Considerations for Policymakers
AIAA recommends Congress consider the following principles when evaluating future proposals:
- Try not to conflate commercial and military domains: consumer right-to-repair paradigms cannot be cut and pasted into national defense contexts without serious risk. National security systems, given their complexity and mission critical nature, inherently require different standards and levels of data access than consumer goods. Applying consumer repair frameworks to defense acquisition may conflate fundamentally different risk, safety, and strategic considerations.
- Exercise discretion when directing IP or repair access requirements, recognizing the diverse technical and contractual realities across defense platforms. Assertions of improved access or cost savings must be carefully evaluated and validated to ensure they do not introduce unintended vulnerabilities or trade-offs in mission assurance or supply chain resilience.
- Invest in digital sustainment and field-level innovation: Congress can accelerate readiness gains by funding OEM-certified tools, DaaS models, and trusted government sustainment facilities or depots with appropriate clearances and infrastructure to manage sensitive components.
- Preserve incentives for innovation: IP protections aren’t a loophole, rather they’re a cornerstone of defense innovation. Undermining these protections may hinder the Pentagon’s ability to access cutting-edge capabilities on acceptable timelines.
- Convene neutral technical experts: Congress should consult with independent engineering societies, systems integrators, and acquisition professionals to fully understand the readiness, cybersecurity, and performance trade-offs involved in any proposal.
Conclusion
The goals of right-to-repair advocates and the defense acquisition community are not mutually exclusive. Both seek a stronger, more responsive sustainment enterprise.
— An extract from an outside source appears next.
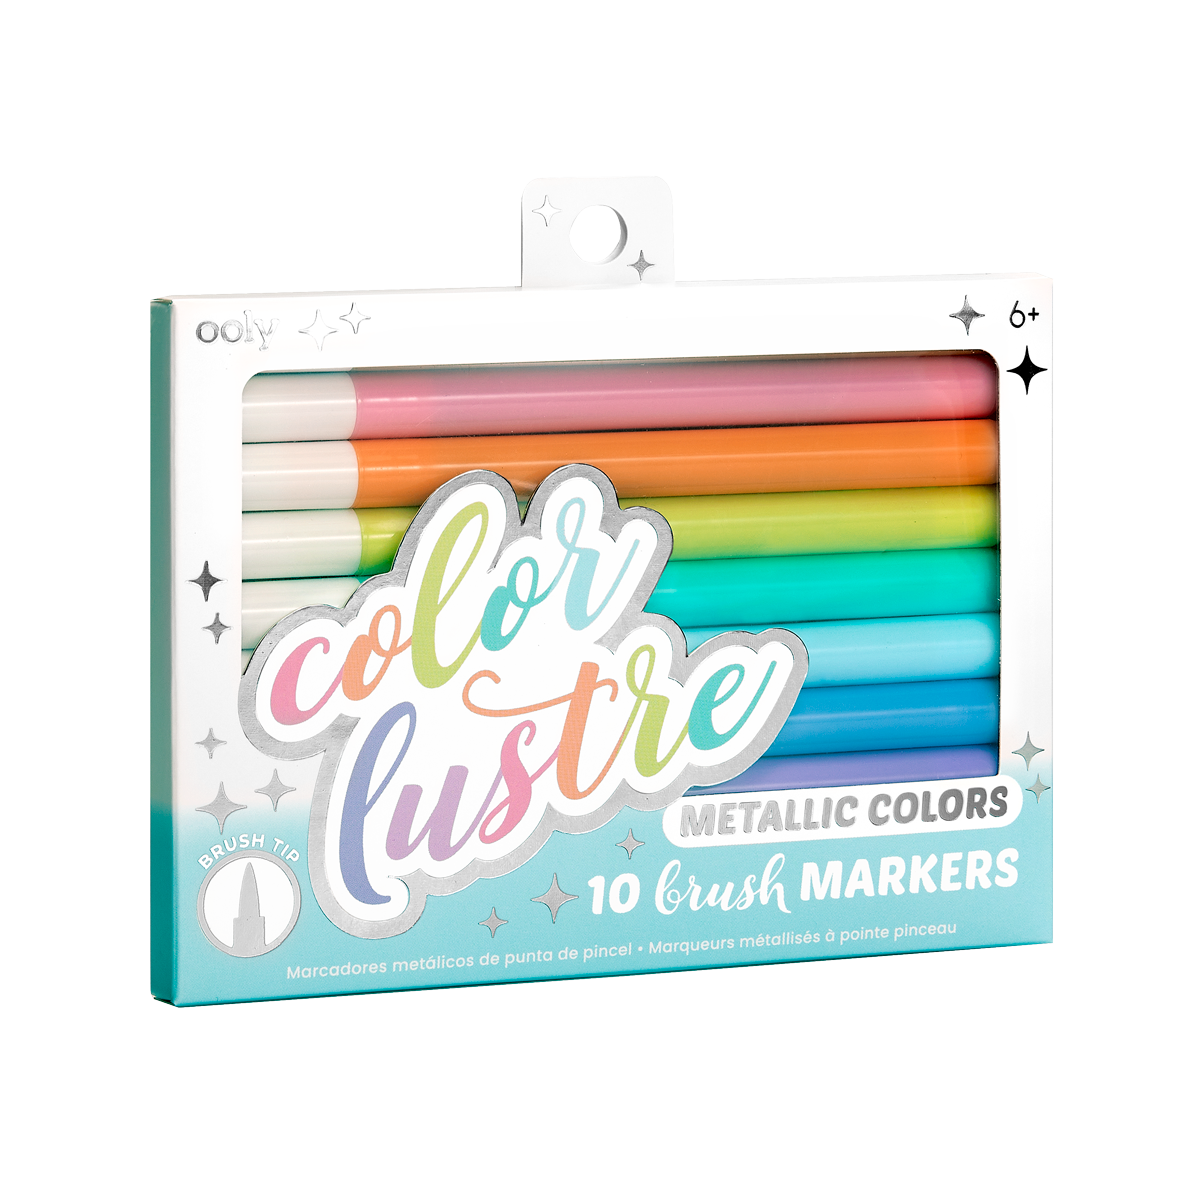 Image of OOLY Color Lustre Metallic Brush Markers in new package
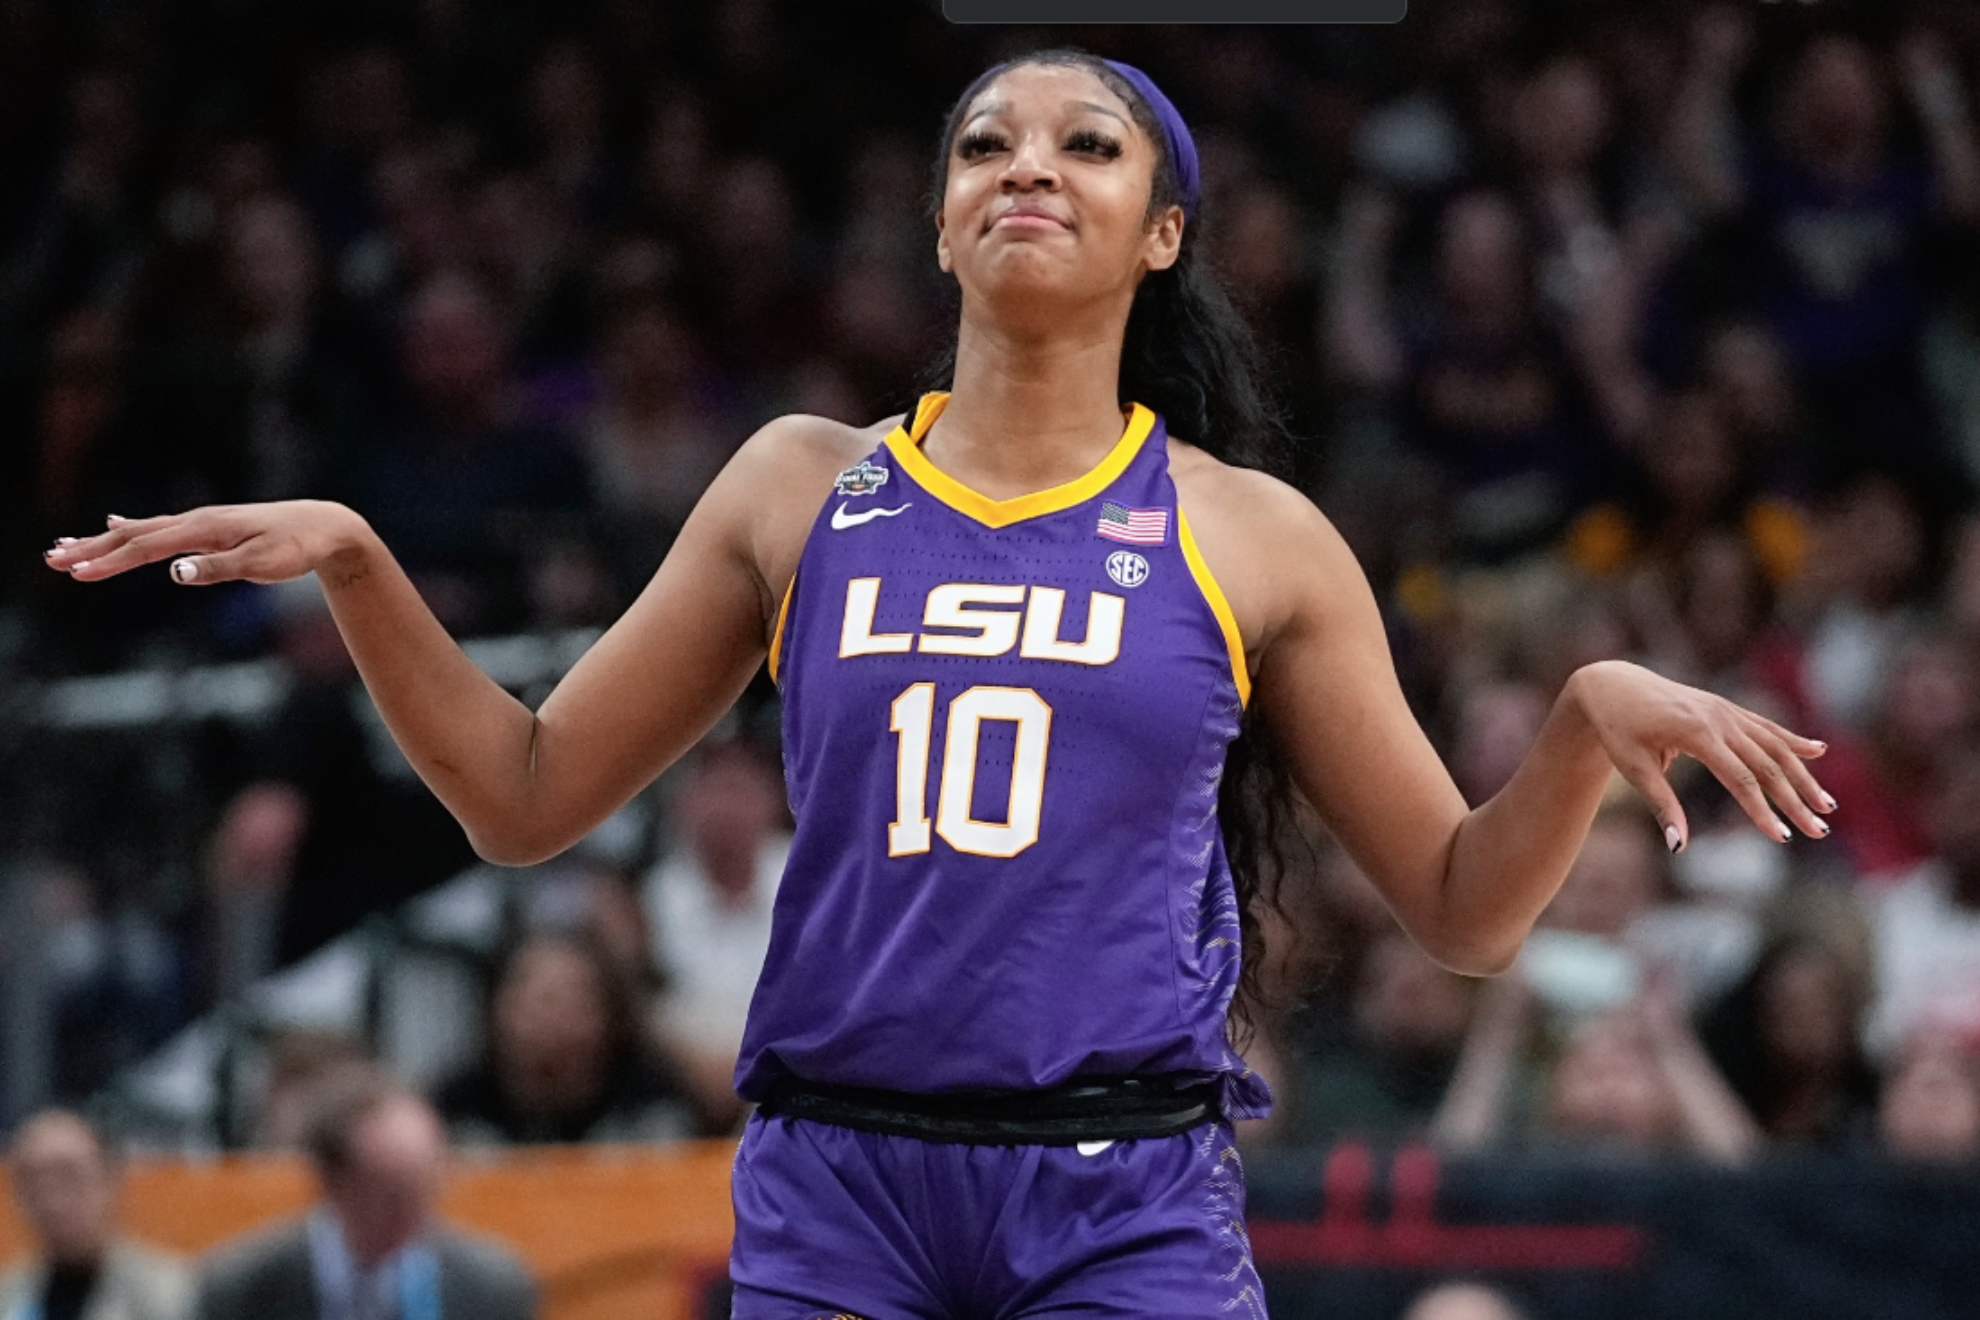 LSU coach Kim Mulkey remains tight-lipped on Angel Reese absence which causes further rumors

In the national security arena, however, how those goals are achieved matters.
Done well, Congress can enhance system readiness without undermining innovation or exposing vulnerabilities. If done poorly, it risks incentivizing system fragmentation, vendor attrition, and unintended supply chain fragility.
AIAA stands ready to assist Congress, the Pentagon, and industry as a neutral, technically credible partner, committed to ensuring smart sustainment reforms enhance and not erode U.S. warfighting readiness.